During my travels in Scandinavia, and I’ve been collecting these specimens since. As one of the solar system’s oldest objects, Muonionalusta meteorite slices are approximately 4.6 billion years old, predating the formation of the Earth. My most recent series traces the path from its protoplanetary source in orbit to its final impact site, on the remote banks of the Muonio river in northern Sweden and Finland.
What specifically intrigued me about the material was its otherworldly geometric etching—known as the Widmanstätten pattern—which can be seen when the specimen is dissected. To understand more about these meteorites, I work with scientists to identify and study the provenance of each specimen, and learned that the octahedrite relief is the result of a process called “slow cooling,” in which the meteorite’s initially molten composition of ferrous, nickel, and kamacite crystallizes over millions of years, as the rock careens through outer space. It’s a process that cannot be replicated in a laboratory, highlighting the significance and authenticity of these ancient relics found in our universe.

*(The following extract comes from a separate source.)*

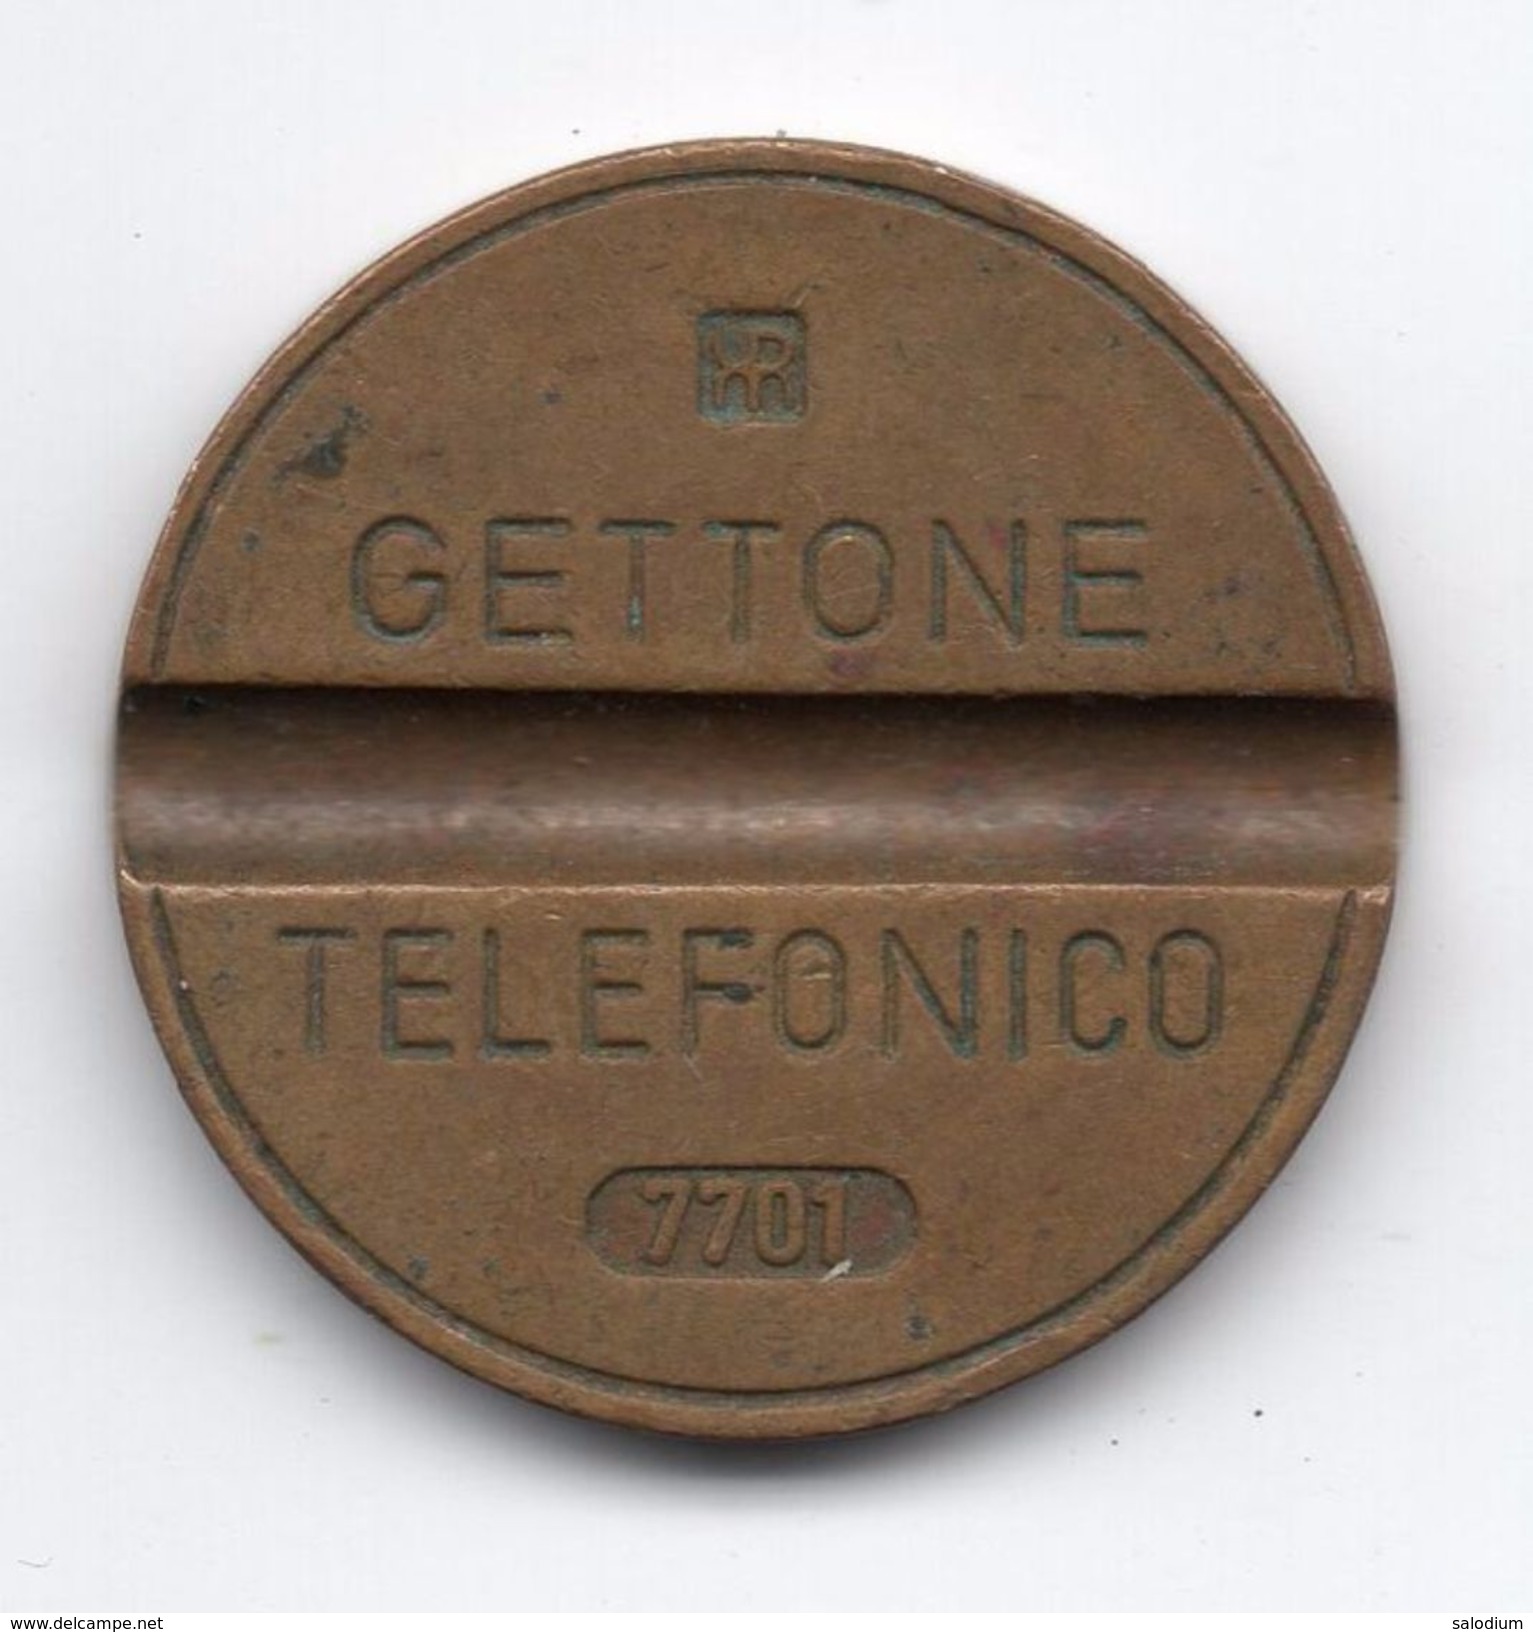 Gettone Telefonico 7701 Token Telephone - (Id-774) - Professionals/Firms

What’s your design process? Where does your research into materials begin?
Mostly in my sketchbook before I find a way to transcribe my charcoals and watercolors into a physical form. I’m drawn to rare prehistoric and sustainable materials that transport us back in time, and I collaborate with artisans and geologists to acquire sustainable materials according to fair-trade guidelines. In addition to the economic support that these relationships provide to the artisans, there’s also the benefit that comes from creating pieces that don’t have the significant ecological impact of traditional fine jewelry and objects.

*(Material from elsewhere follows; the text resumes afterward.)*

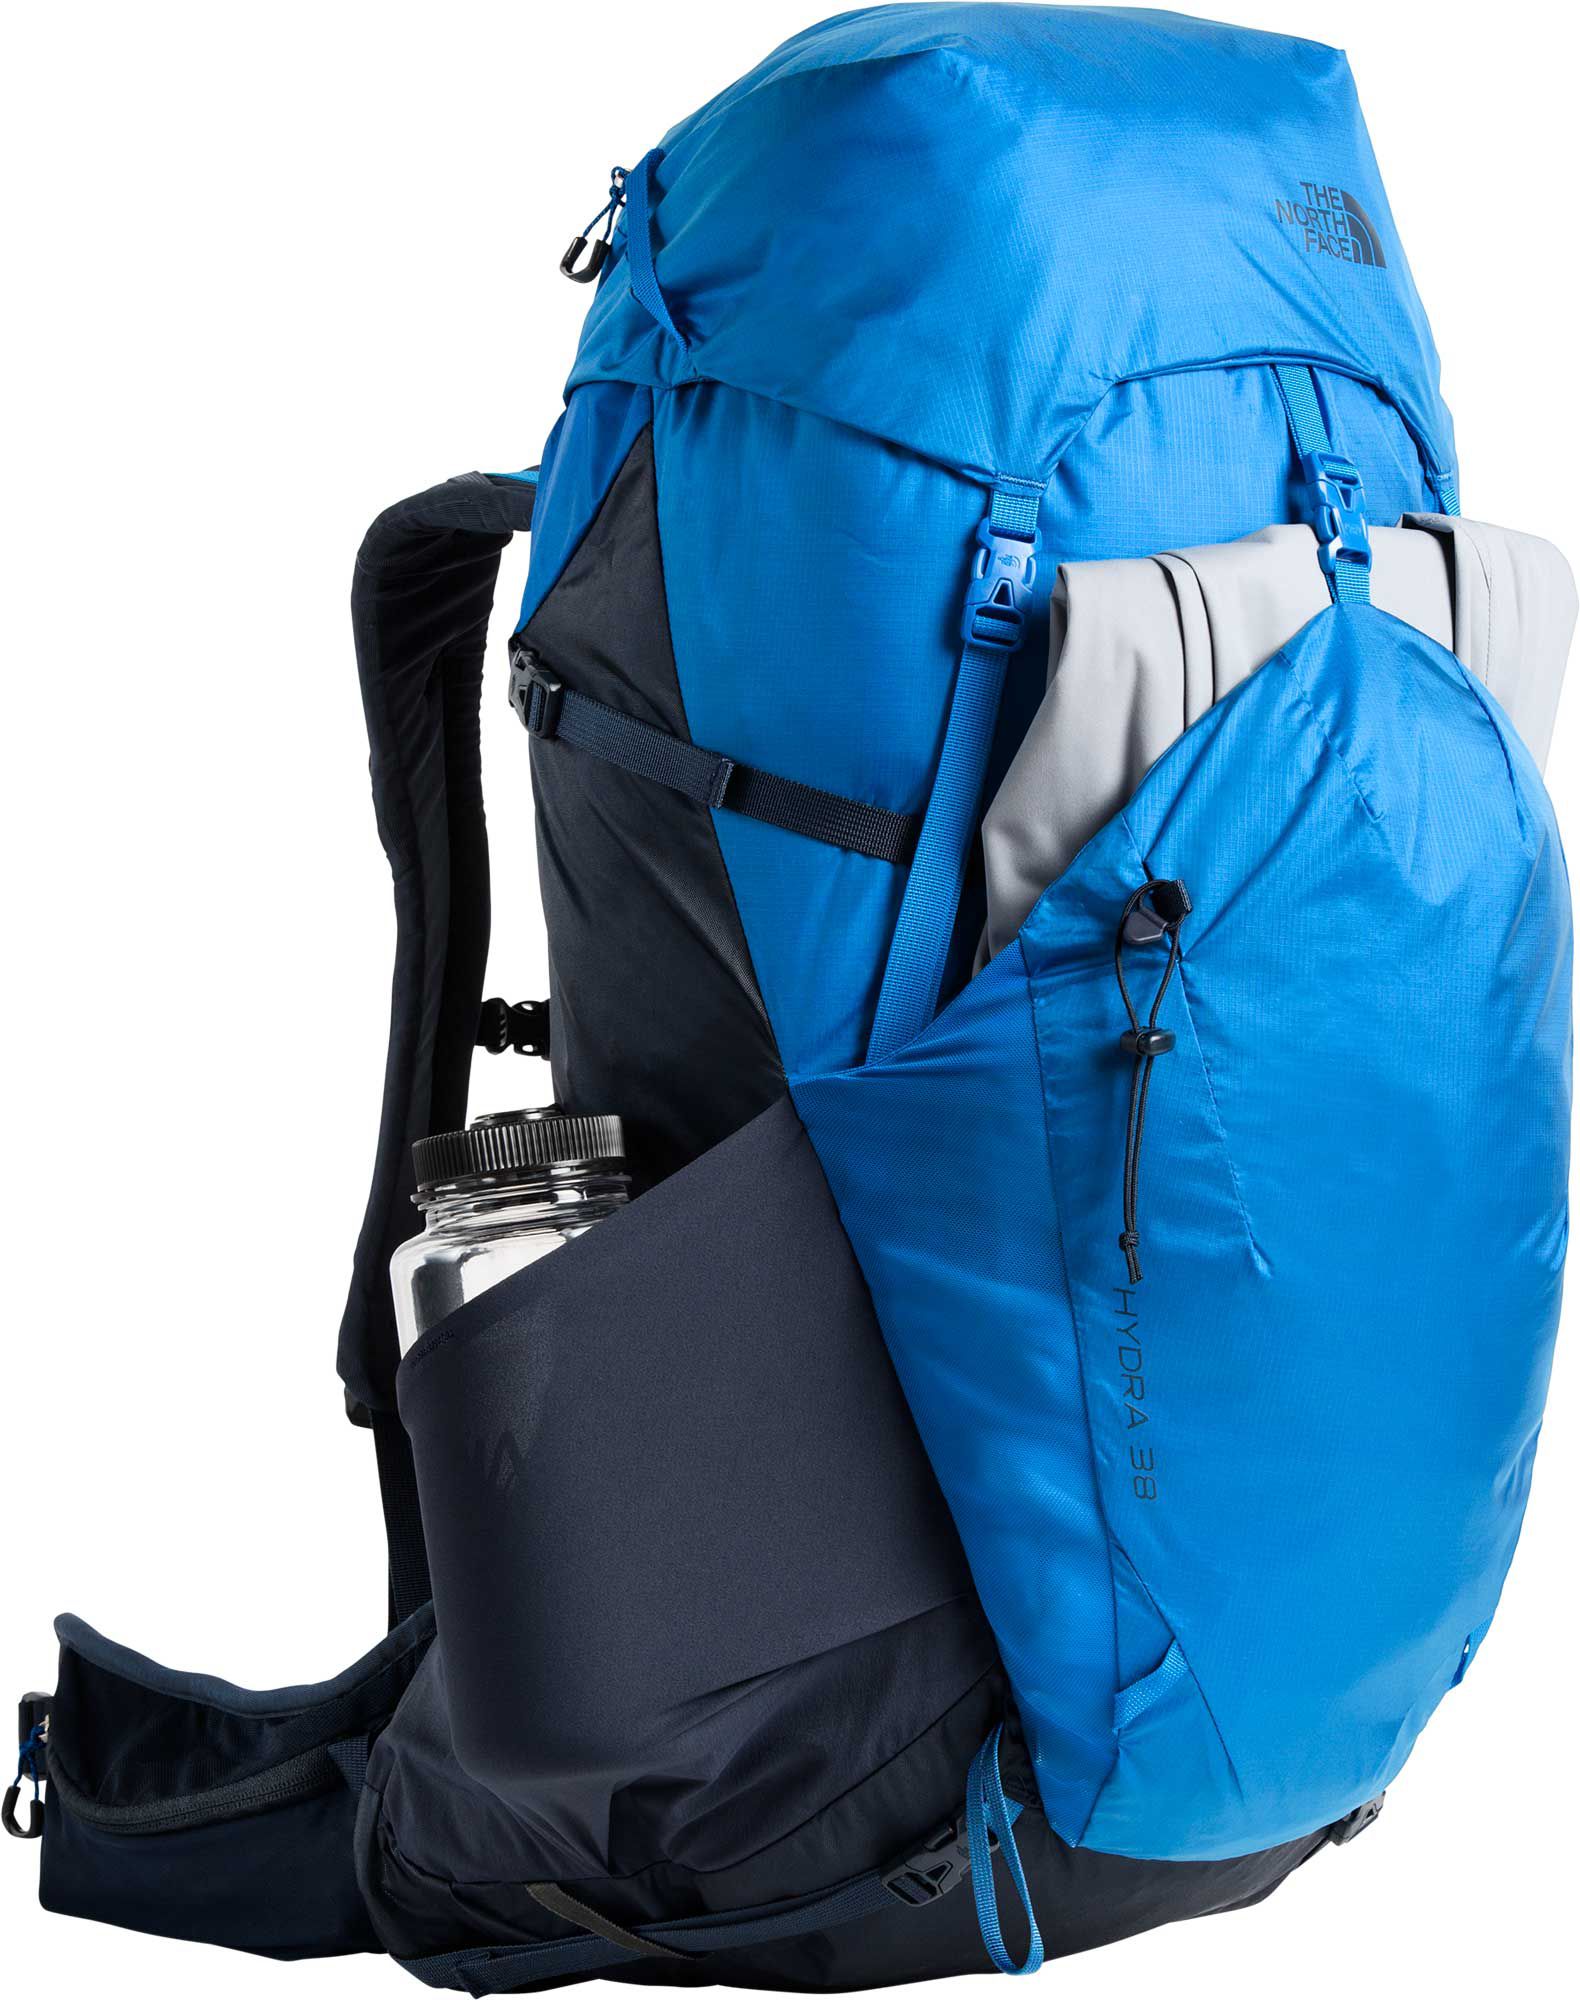 hydra 38 backpack review

Travel plays a significant part in my research, too. Over the years, I’ve cultivated relationships with local artisans in the United States, Guatemala, Peru, the Arctic Circle, Norway, and French Polynesia, among other regions. Most recently, on a trip to Chile and Easter Island, I discovered naturally formed Chilean cosmic obsidian, and right now I’m working with indigenous Rapa Nui artisans to hand-carve the material, which is volcanic glass that has been formed from quickly cooled lava flow.
Your work takes the unfathomably large—geology, the cosmos, and outer space—and brings it down to an intimate scale. How do the two relate in your mind?

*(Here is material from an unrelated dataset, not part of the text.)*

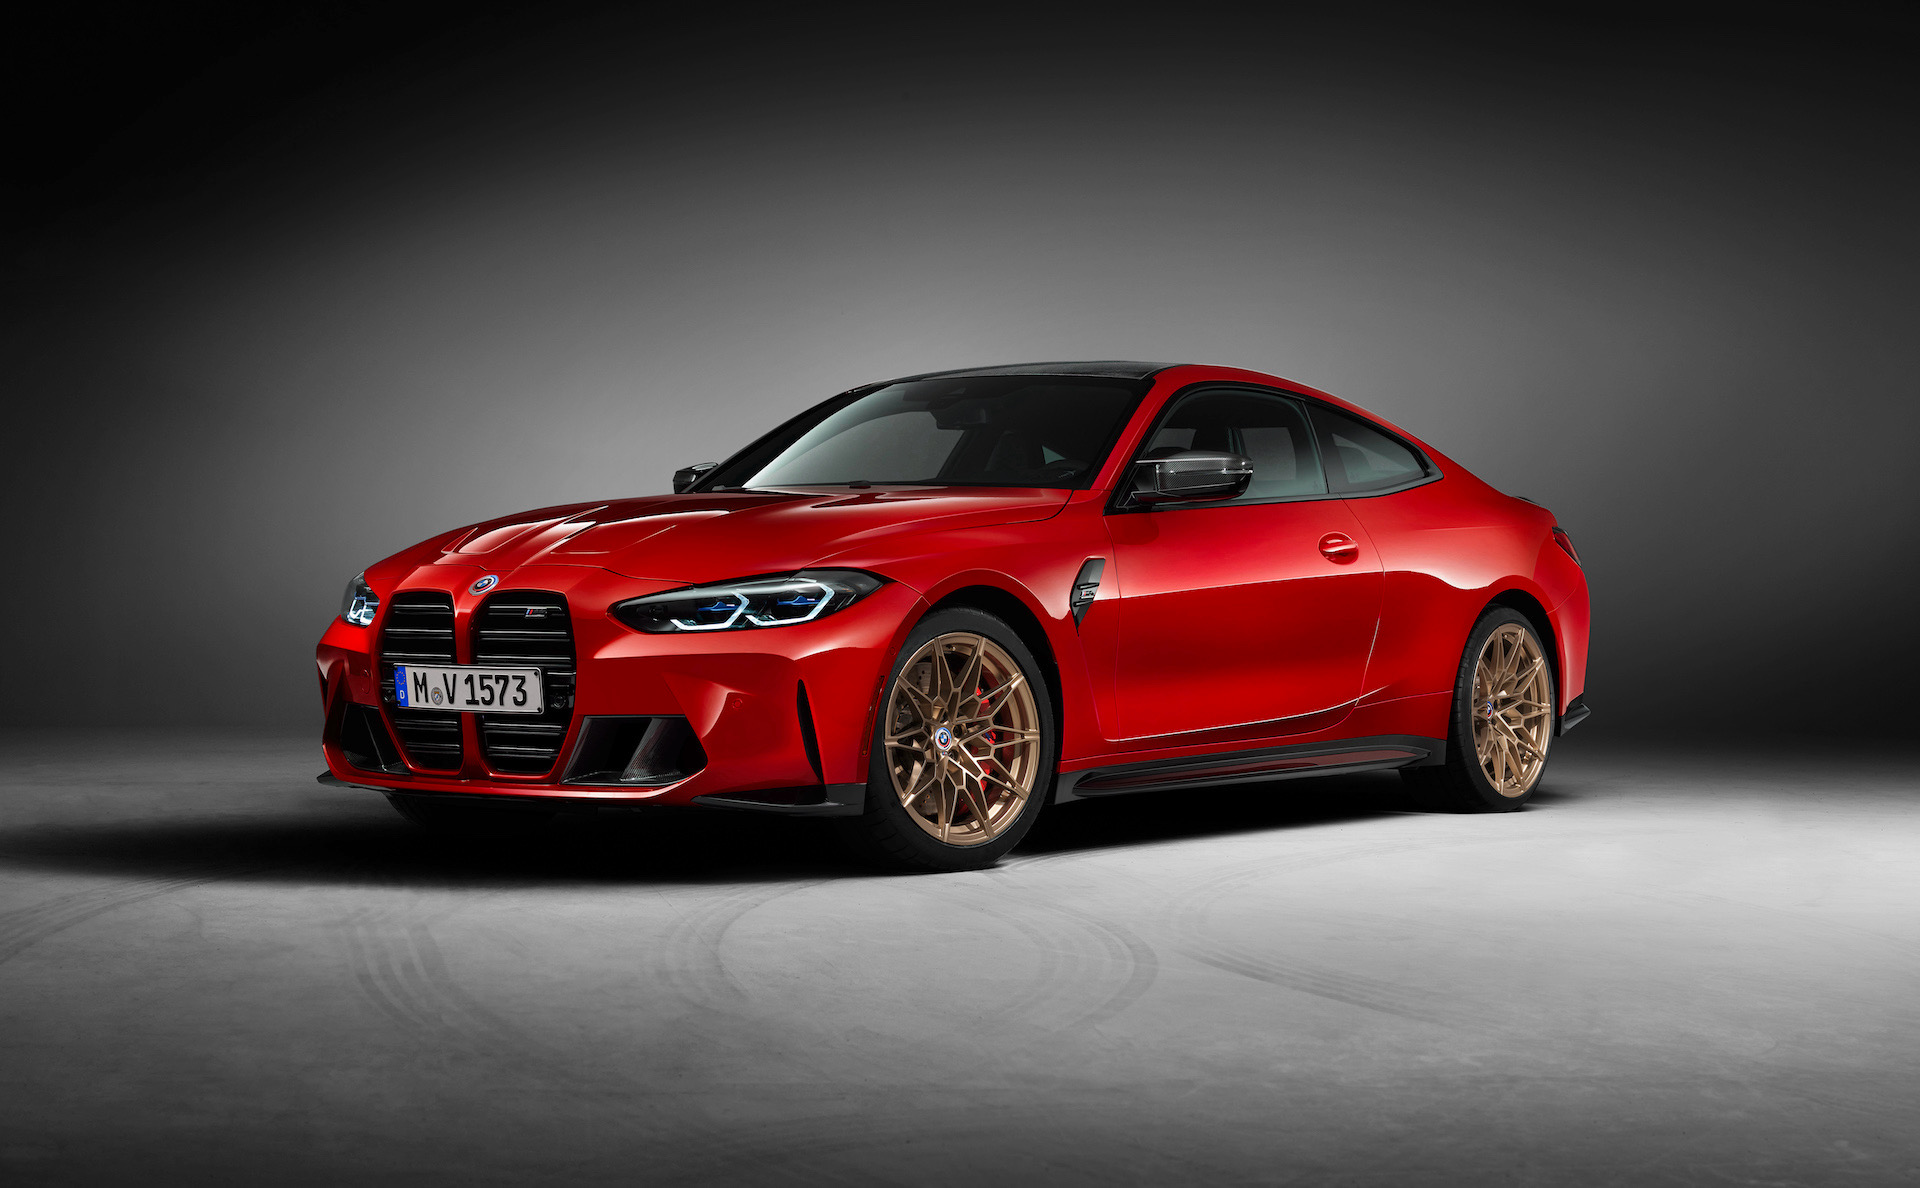 BMW reveals M3 and M4 Edition 50 Jahre specials for 50th anniversary

I’m inspired by the intersection of materiality, temporality, and space, and have been working with materials like fossilized dinosaur bone, fossilized walrus ivory, and meteorites since I started my studio practice over a decade ago. I was originally drawn to these materials by their expressive, naturally formed patterns, hues, and reliefs—as well as the way in which they challenge our circadian perception of time, preserving millions or billions of years in their mineral structures and compositions.
The materials I work with capture eons of geologic history—and in the case of meteorites, cosmogenic history—by presenting an imprint of an intangible past. I like to believe my handcrafted pieces preserve these natural wonders in works of art that can be passed down through generations, parallel to how they have been preserved in remote regions of our planet.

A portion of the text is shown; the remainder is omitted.